─── Listed records ───
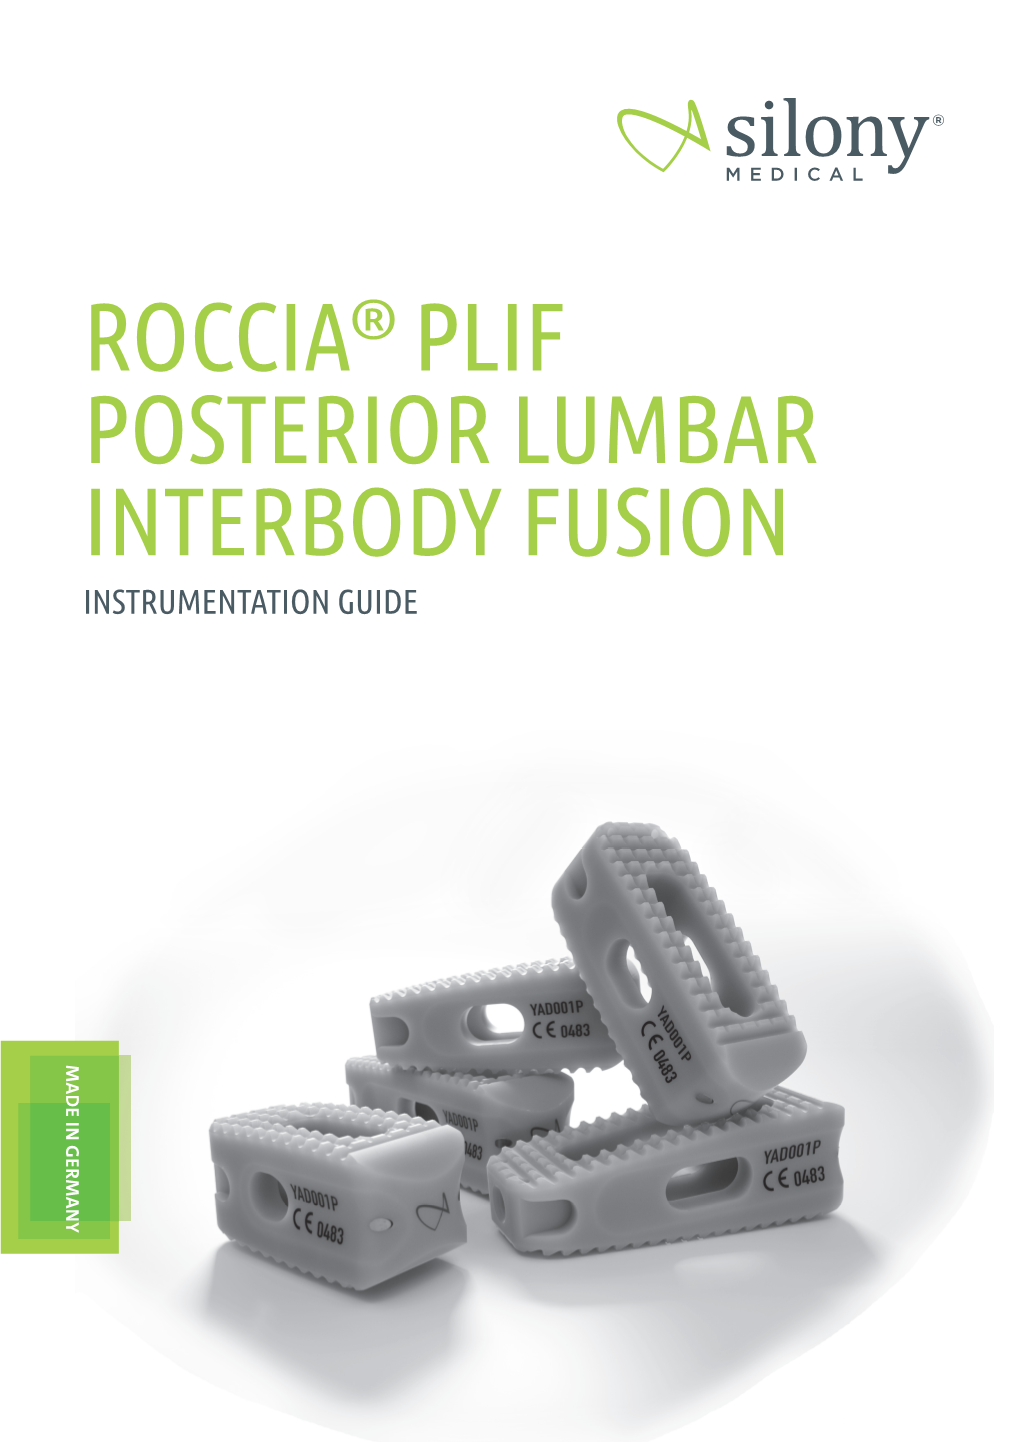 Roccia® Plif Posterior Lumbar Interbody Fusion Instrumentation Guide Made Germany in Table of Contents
───
─── Listed records ───
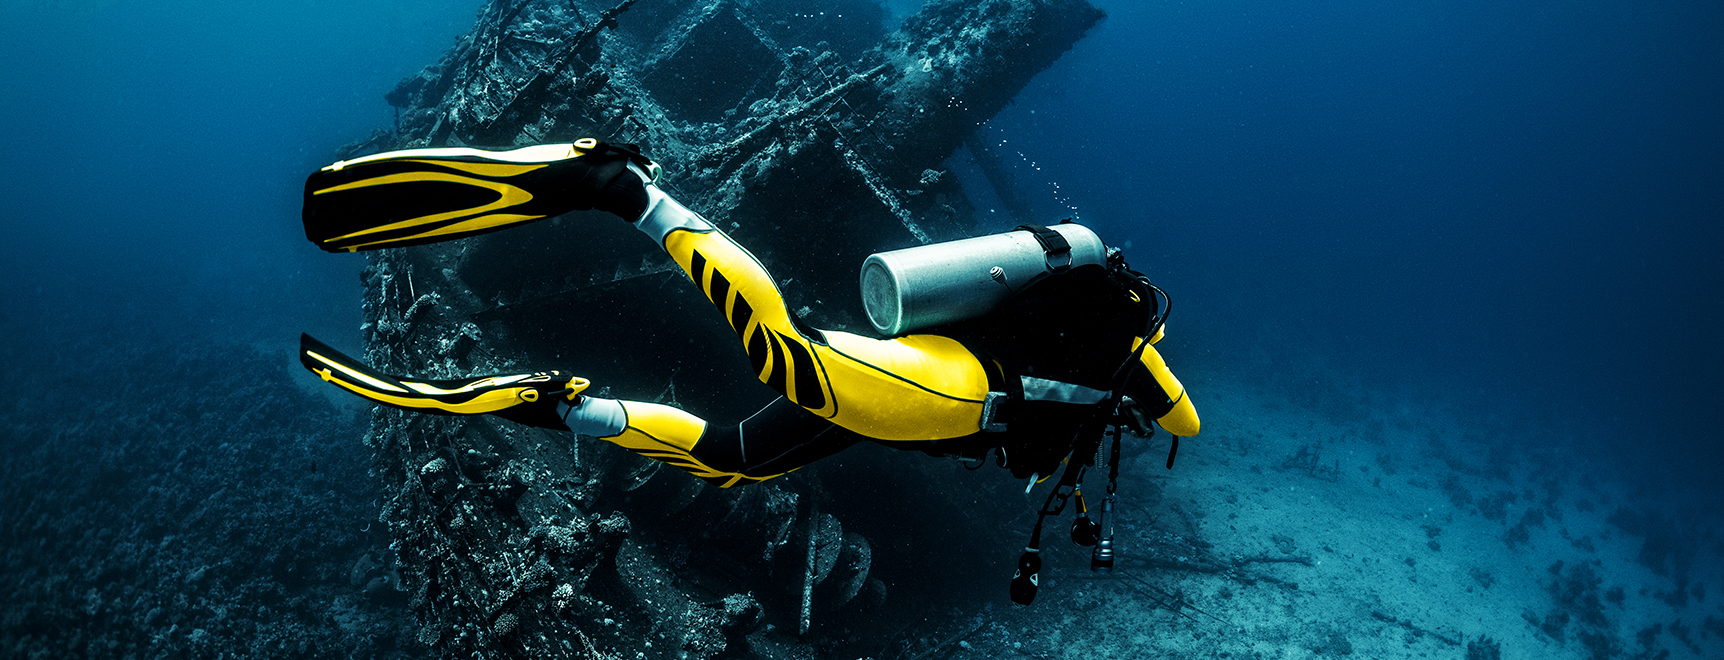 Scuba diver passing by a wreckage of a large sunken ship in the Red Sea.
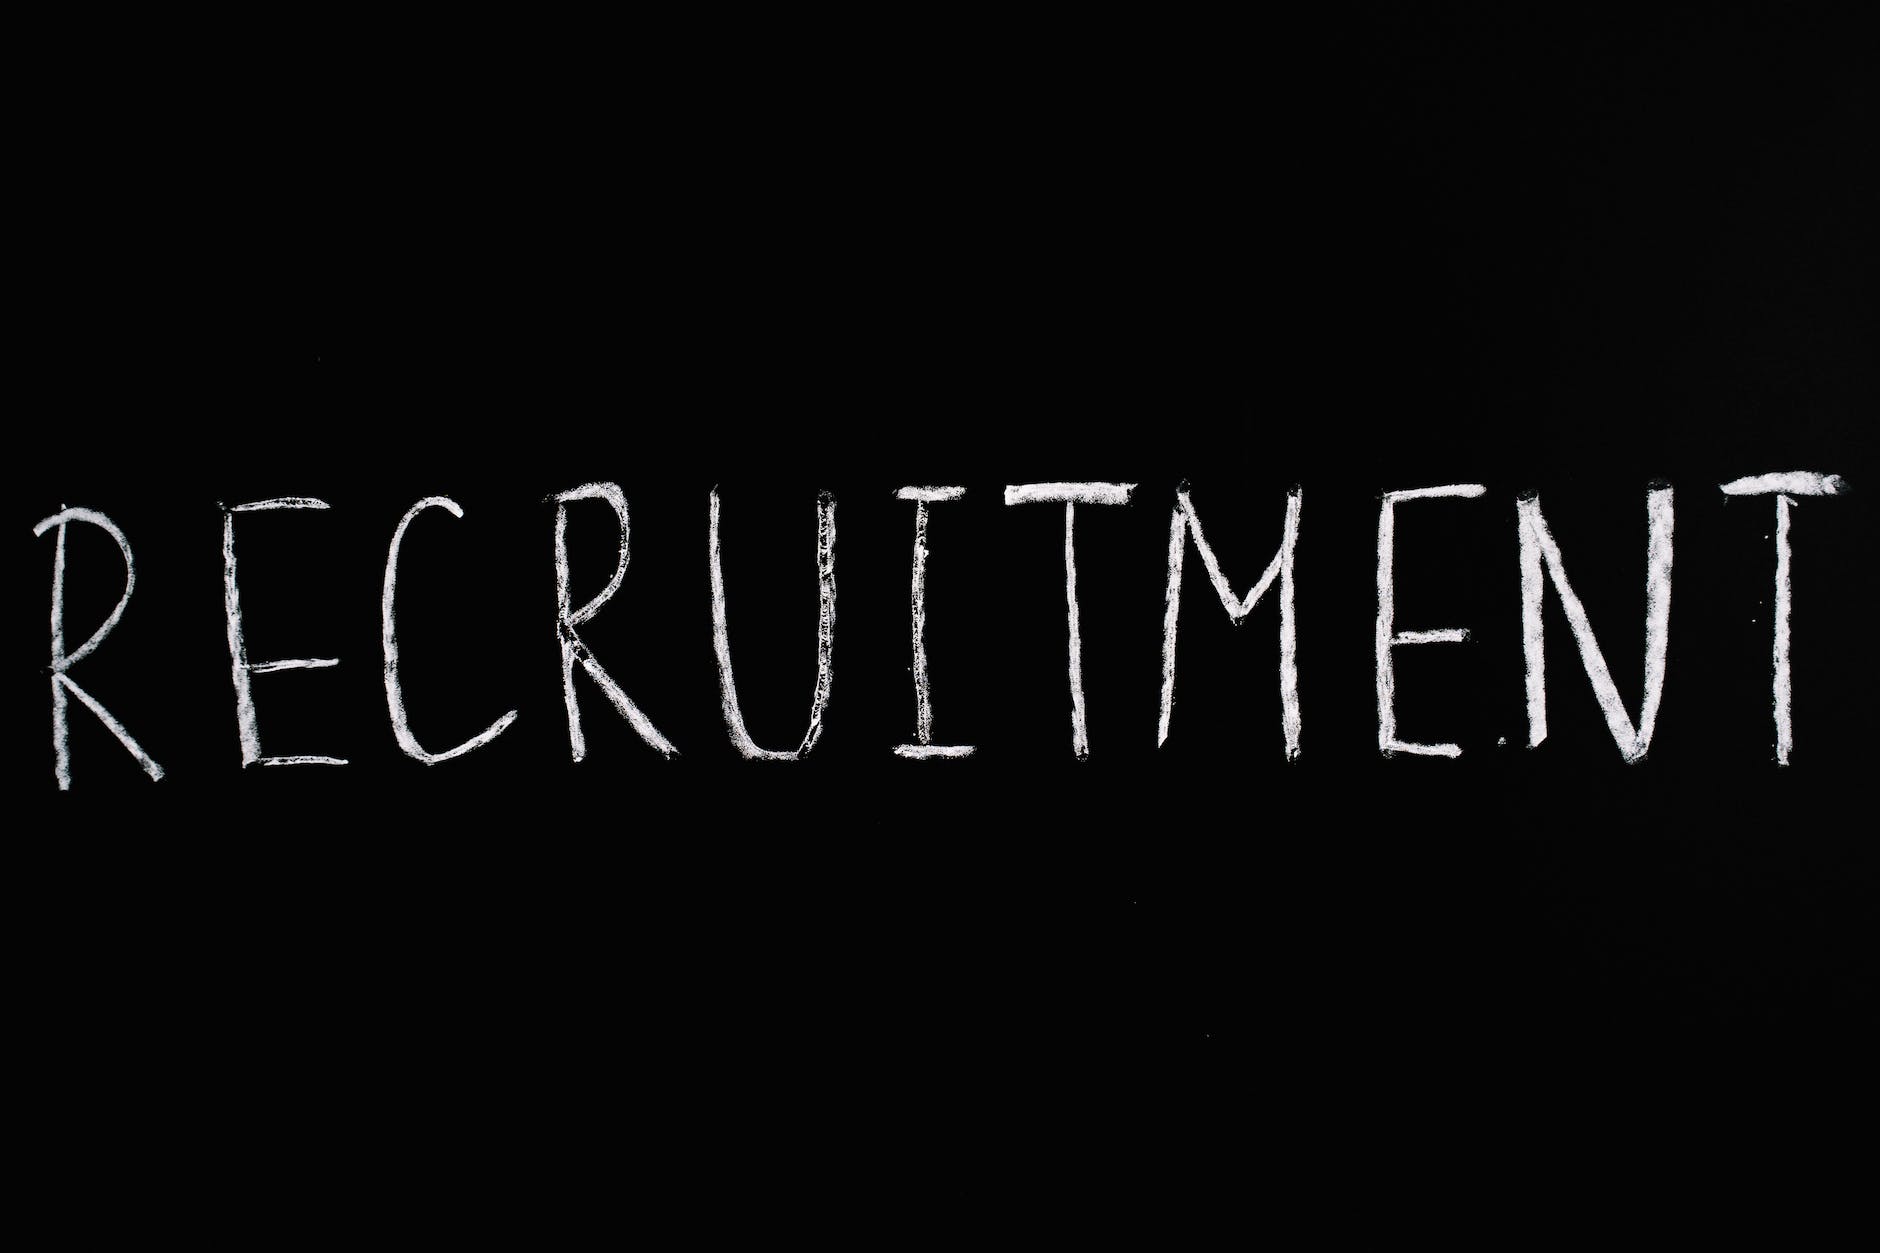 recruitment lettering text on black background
───
● **Brief**
Please return the data above exactly as it stands from the line with "Scuba diver passing" to the line with "recruitment lettering text", keeping both of those lines but none of the pictures.

● **Solution to the exercise**
 Scuba diver passing by a wreckage of a large sunken ship in the Red Sea.
 recruitment lettering text on black background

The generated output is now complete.